Directional steering is a runtime activation edit for DS4. A steering file is a
flat f32 matrix with one normalized 4096-wide direction per layer. During
inference, ds4 can apply the edit after attention outputs, FFN outputs, or both:
y = y - scale * direction[layer] * dot(direction[layer], y)
Positive scale removes the represented direction. Negative scale amplifies it. With no steering file or zero scales, ds4 follows the normal inference path.
--dir-steering-file FILE load a 43 x 4096 f32 direction file
--dir-steering-ffn F apply steering after FFN outputs; default is 1 when a file is provided
--dir-steering-attn F apply steering after attention outputs; default is 0
The FFN output is usually the best first target because it is late enough in each layer to represent behavior, style, and topic signals.

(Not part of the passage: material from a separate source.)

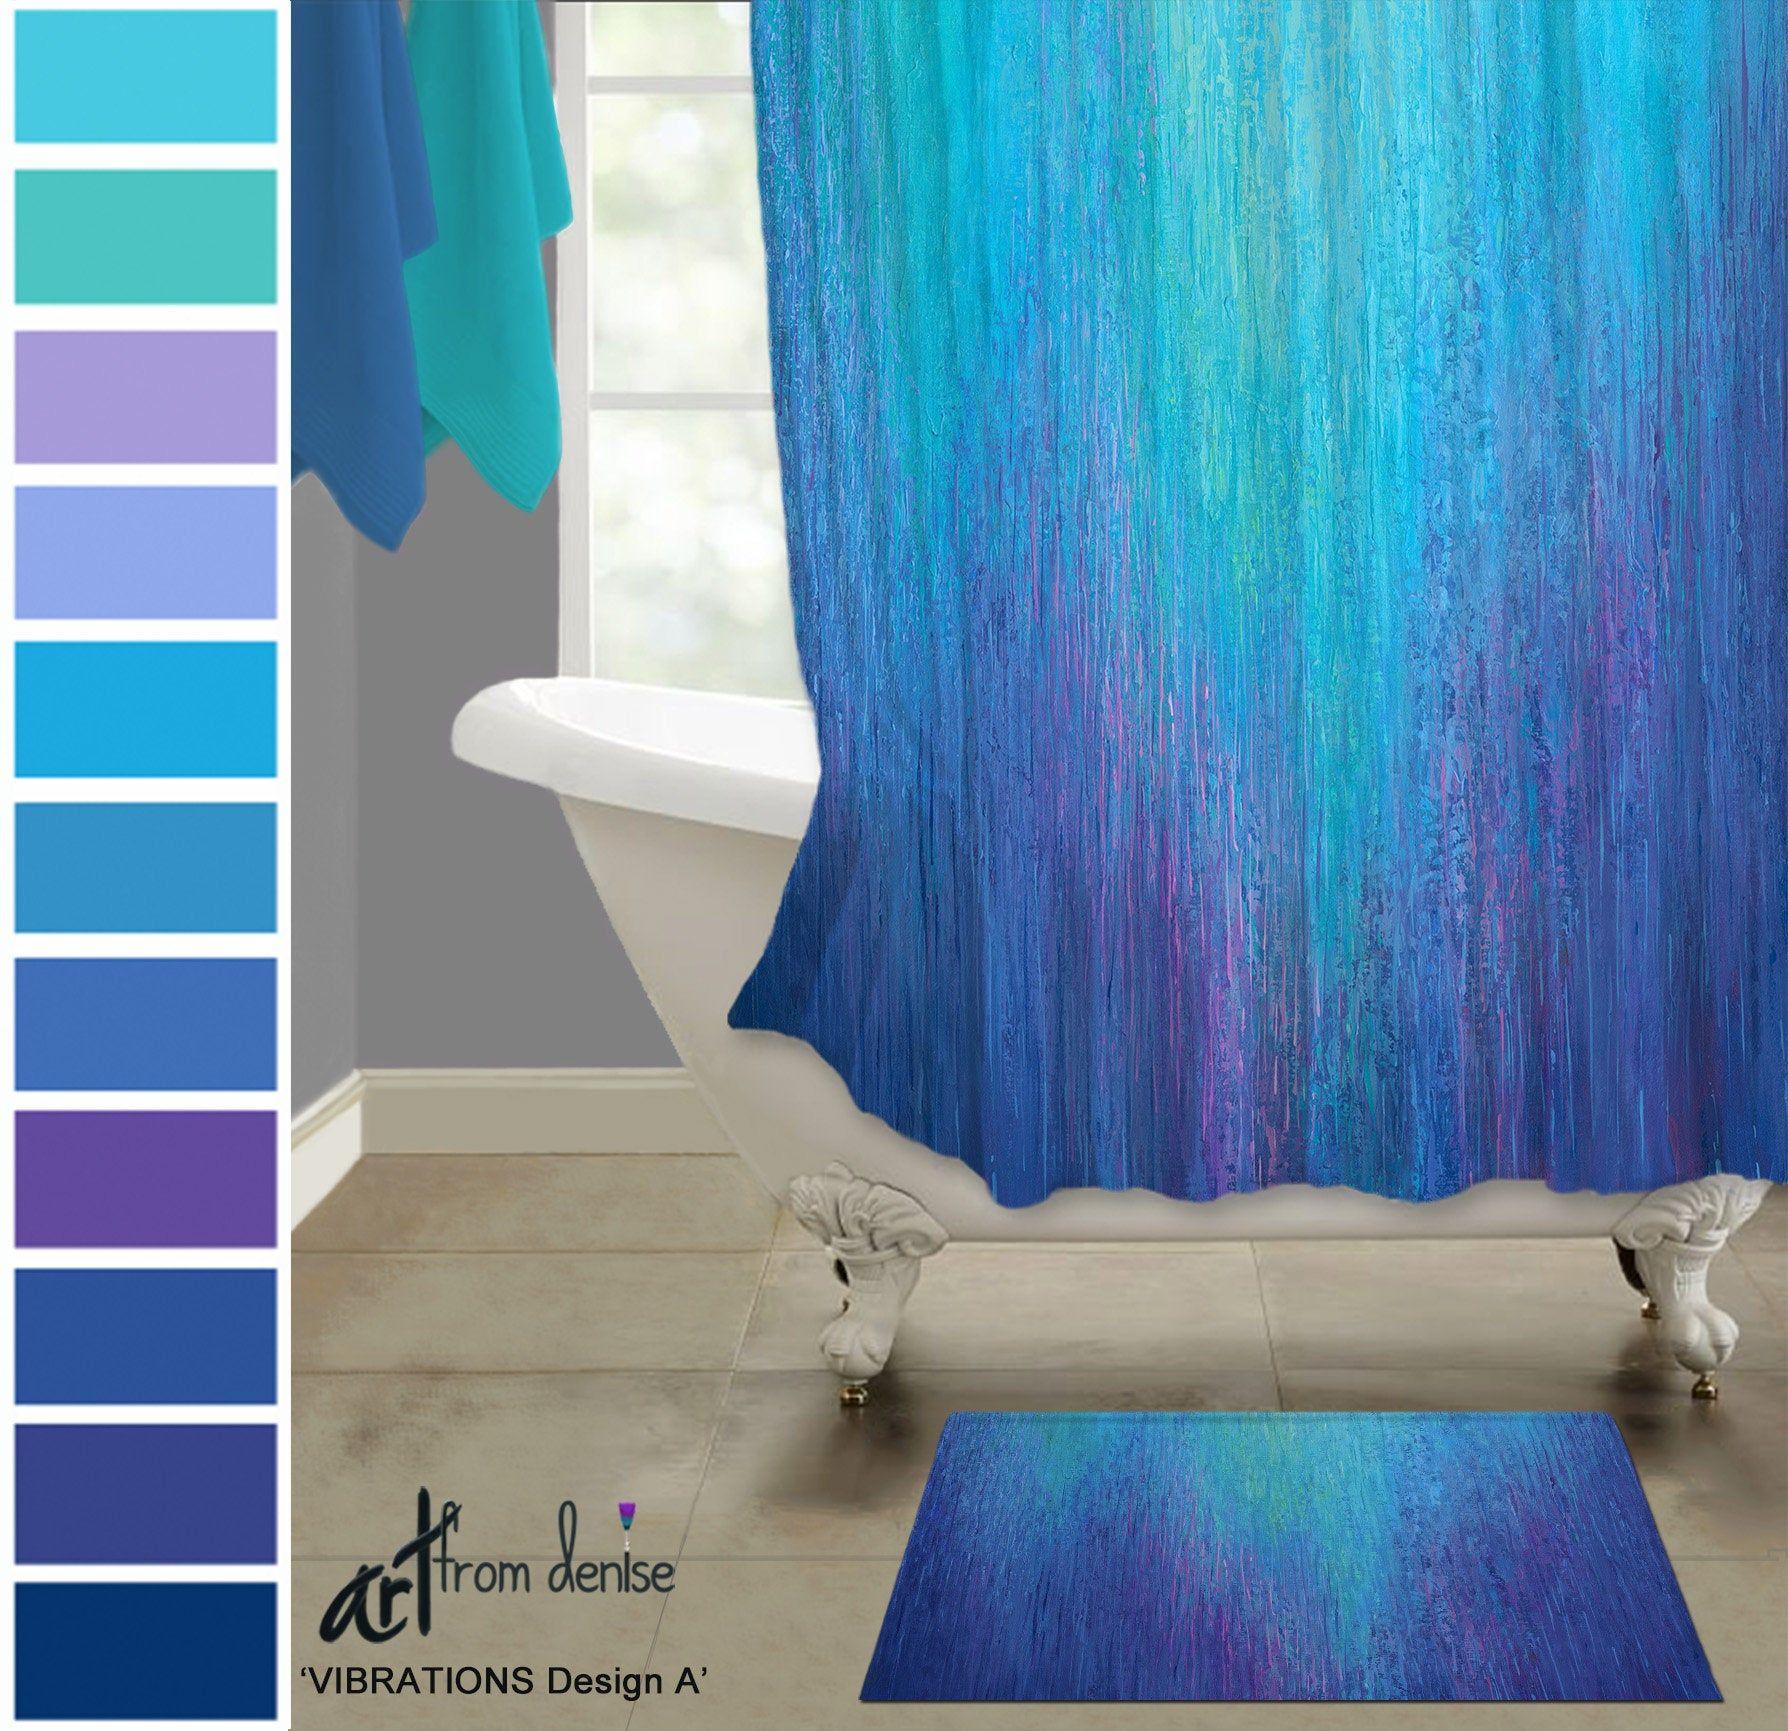 Colorful Shower Curtain Modern Jewel Tone Fabric Cobalt Blue Teal Turquoise Aqua Violet Purple Shower Stall Bathroom Decor Colorful Shower Curtain Blue Shower Curtains Purple Shower Curtain [ 1731 x 1788 Pixel ]

Attention steering is available for experiments, but it can be more fragile.
The bundled example builds a style direction from 100 paired prompts. Each pair asks for the same information in two ways:
examples/succinct.txt: terse target prompts.examples/verbose.txt: detailed contrast prompts.
Because the extracted direction is succinct - verbose, negative FFN scales
make answers shorter, while positive FFN scales tend to make answers longer and
more explanatory.
Build the vector:
python3 dir-steering/tools/build_direction.py \
--ds4 ./ds4 \
--model ds4flash.gguf \
--good-file dir-steering/examples/succinct.txt \
--bad-file dir-steering/examples/verbose.txt \
--out dir-steering/out/verbosity.json \
--component ffn_out \
--ctx 512This writes:
dir-steering/out/verbosity.json
dir-steering/out/verbosity.f32
Try a terse run:
./ds4 -m ds4flash.gguf --nothink --temp 0 -n 160 \
--dir-steering-file dir-steering/out/verbosity.f32 \
--dir-steering-ffn -1 \
-p "Explain why databases use indexes."Try a verbose run:
./ds4 -m ds4flash.gguf --nothink --temp 0 -n 220 \
--dir-steering-file dir-steering/out/verbosity.f32 \
--dir-steering-ffn 2 \
-p "Explain why databases use indexes."The same vector can be used in either direction. The sign is the important part:
- negative scale amplifies the succinct target direction;
- positive scale suppresses that direction and usually gives the model more room to elaborate.
Use the sweep helper to test several strengths on a fixed prompt set:
python3 dir-steering/tools/run_sweep.py \
--ds4 ./ds4 \
--model ds4flash.gguf \
--direction dir-steering/out/verbosity.f32 \
--prompts dir-steering/examples/eval_prompts.txt \
--scales "-1,-0.5,0,0.5,1,2" \
--tokens 180 \
--nothinkStart with FFN scales between -1 and 2. If the model becomes repetitive,
ignores the prompt, or starts losing factual content, the scale is too strong.
For this example, -1 is a good first terse setting and 2 is a good first
verbose setting. Strong negative scales such as -2 or -3 can over-amplify
the terse direction and collapse into repetition on some prompts.
With the 100-pair vector built from the commands above, local greedy checks showed the expected behavior:
- Prompt:
Explain why databases use indexes. --dir-steering-ffn -1: 67 words, one compact paragraph.--dir-steering-ffn 0: 136 words, structured explanation.--dir-steering-ffn 1: 140 words, structured explanation with more detail.
On a prompt that the unsteered model already answered briefly, positive steering made the expansion more visible:
- Prompt:
What does DNS do? --dir-steering-ffn 0: 44 words.--dir-steering-ffn 2: 171 words, with sections and step-by-step detail.
The extractor compares two prompt sets:
good-file: target prompts for the direction you want to represent.bad-file: contrast prompts that should be separated from the target.
It captures DS4 activations from the same local GPU graph used for inference,
averages target minus contrast, normalizes one vector per layer, and writes both
metadata JSON and the runtime .f32 file.
Concept removal:
- Put concept-heavy prompts in
good-file. - Put neutral prompts in
bad-file. - Run with a positive FFN scale.
Concept amplification:
- Put desired concept prompts in
good-file. - Put neutral prompts in
bad-file. - Run with a negative FFN scale.
Style control:
- Put prompts for the target style in
good-file. - Put contrasting style prompts in
bad-file. - Use negative scale to amplify the target style, positive scale to reduce it.
The method is not a fine-tune. It is a low-rank runtime edit, so it works best for coarse behavior, topic, or style directions that are consistently present in the activation captures.